More Tips for Fanfic Authors

There are some fantastic tips for fanfic authors available here in Aisheeya’s guide to common grammatical errors and fanfic etiquette, but a few more problems have popped up since then and I thought it might be worth bringing them to your attention. My apologies for the mundane examples!


Basic Grammatical and Punctuation Rules

  • Full stops come at the end of every sentence and should be followed by one space and then a capital letter.
  • Commas should come directly after a letter and be followed by one space.
  • Ellipses, e.g. , i.e. three dots used to indicate a lapse of time, a pause, an unfinished speech or trailing into silence, should come directly after a letter and be followed by one space.
  • Sentences should not be overly long, and should be broken up with commas where appropriate.
  • Sentences should not usually contain more than one clause connected with the word and, i.e. the word and should only be used in this sense once per sentence.


Writing Dialogue

One of the great things about the English language is the huge variety of ways in which we can describe someone’s speech with just one word. Rather than writing that a person has said something we can put that she stuttered or he yelped. A person can shout or whisper, murmur or grunt. Use that to your advantage. If a story simply reads “he said, she said” then the reader can easily get bored.

The dullest aspect of writing any story is getting all the grammar, spelling and punctuation right, but, dull though it is, it’s important. Here’s a few examples of common mistakes and how to fix them.

There’s no cheese left, said Joe.

You must always make it clear that someone is speaking, not just with the word said or whichever alternative you’ve chosen, but also with speech marks. So to make the above example correct, you just need to add those: “There’s no cheese left,” said Joe.

“The printer isn’t working.” Said Michael.

In this example the problems are the full stop at the end of the speech and the capital letter which follows it.
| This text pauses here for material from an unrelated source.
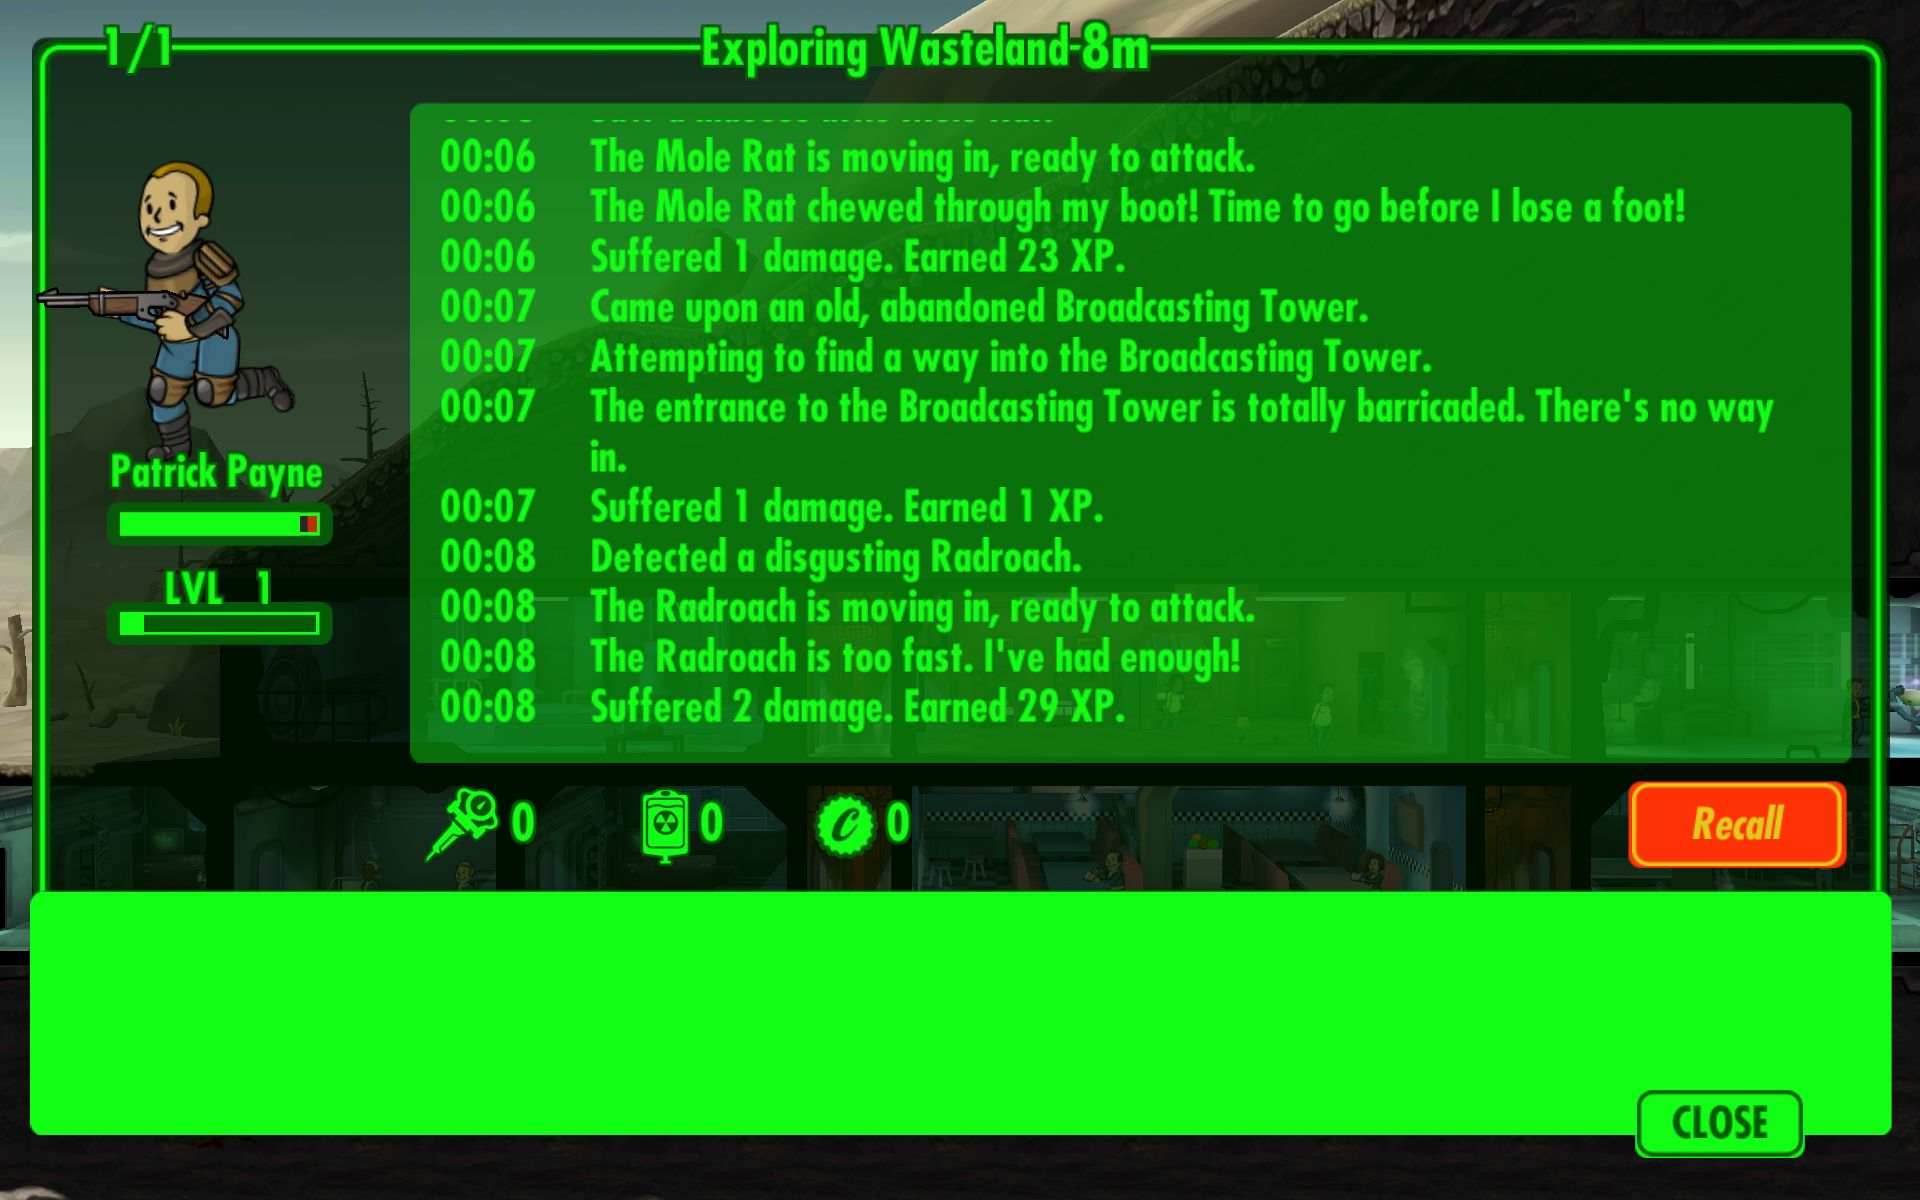 fallout shelter tips on naming swellers

When using the said formation you must always end the speech with a comma, and follow the speech with a lower case letter, as follows: “The printer isn’t working,” said Michael.

“I have to go,” the girl turned away.

When the said formation is not used, and the following phrase is not directly related to the speech, a full stop should be used at the end of the speech and a capital letter should follow: “I have to go.” The girl turned away.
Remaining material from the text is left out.